Implementierungsverfahren
Nachdem Sie die Authentifizierungsmethode für Ihr Szenario ausgewählt haben, beenden Sie die Implementierung:
- Neue Anwendungen: Azure DevOps-Integrationen mit Microsoft Entra OAuth-Apps erstellen
- Service-Anwendungen: Dienstprinzipale und verwaltete Identitäten in Azure DevOps
- Persönliche Skripts: Verwenden von persönlichen Zugriffstoken
Verwenden von KI zum Auswählen einer Authentifizierungsmethode
Wenn Sie über den Azure DevOps MCP Server mit Ihrem KI-Agent im Agentmodus verbunden sind, können Sie Anweisungen in natürlicher Sprache verwenden, um Authentifizierungsempfehlungen für Ihr Szenario zu erhalten.

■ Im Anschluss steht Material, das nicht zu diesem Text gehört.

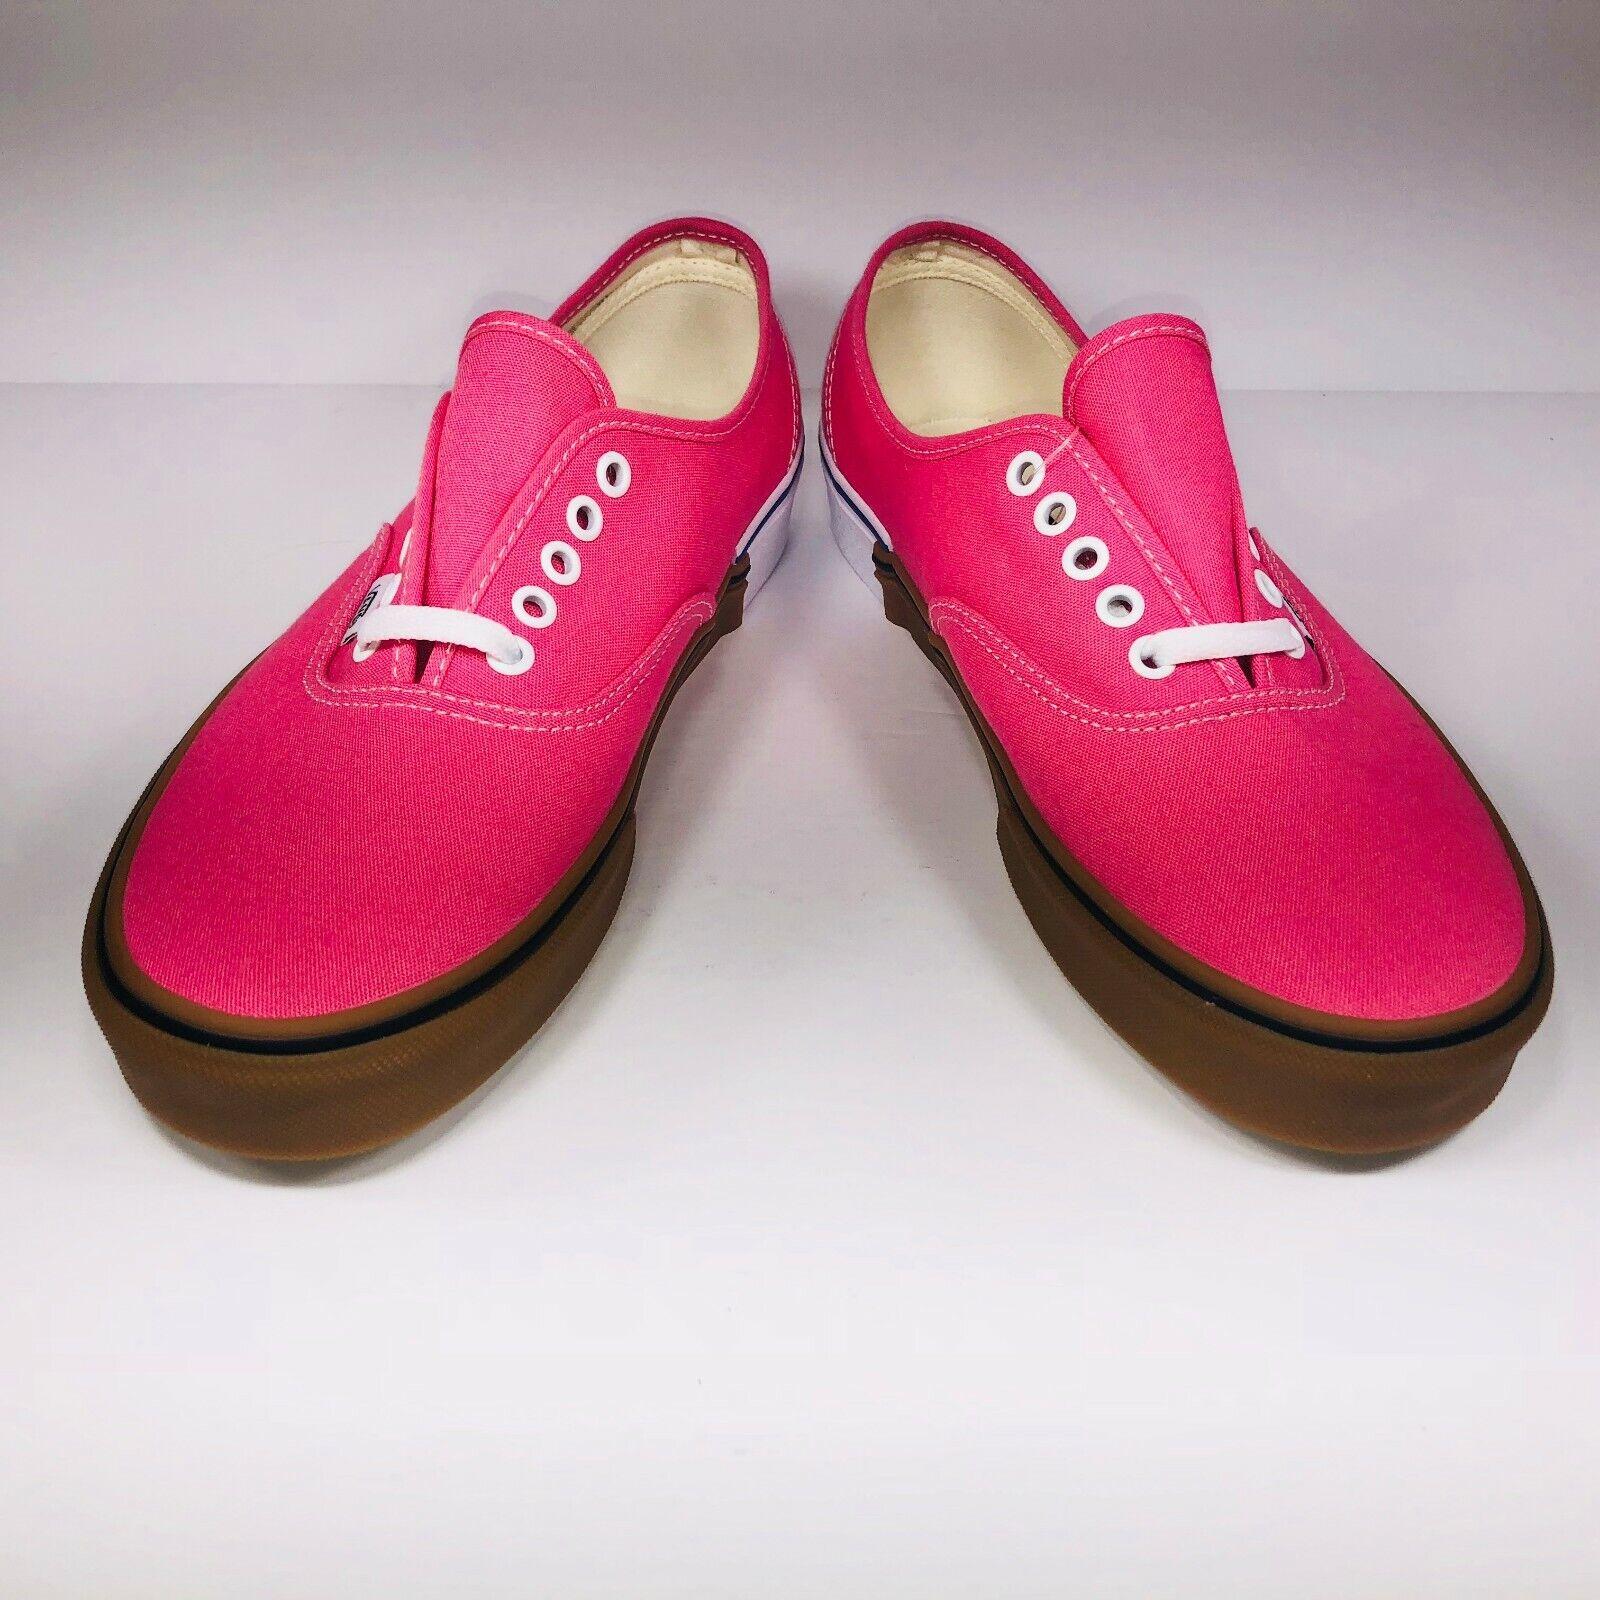 VANS Authentic Gum Block Pink Lemonade White Sneakers Sneakers Sneakers VN0A38EMUKD Size 9.5 7fee9e

| Aufgabe | Beispielaufforderung |
|---|---|
| Wählen Sie die Authentifizierung für einen Hintergrunddienst | Which authentication method should I use for a background Azure Function that needs to access Azure DevOps APIs? |
| Vergleichen von Authentifizierungsoptionen | Help me choose between service principals, managed identities, and personal access tokens for my Azure DevOps integration |
| Authentifizierung für eine Web-App | I'm building a React web app that needs to access Azure DevOps on behalf of signed-in users — what authentication approach should I use? |
| Migrieren von PATs | Help me plan a migration from personal access tokens to Microsoft Entra ID authentication for my Azure DevOps integrations |
| Authentifizierung für CI/CD | What's the most secure way to authenticate Azure DevOps REST API calls from a GitHub Actions workflow? |
| Fehlerbehebung bei Authentifizierungsfehlern | I'm getting 401 errors when calling the Azure DevOps REST API with my token — help me diagnose the issue |
Hinweis
Der Agentmodus und der MCP-Server verwenden natürliche Sprache, sodass Sie diese Eingabeaufforderungen anpassen oder Nachverfolgungsfragen stellen können, um die Ergebnisse zu verfeinern.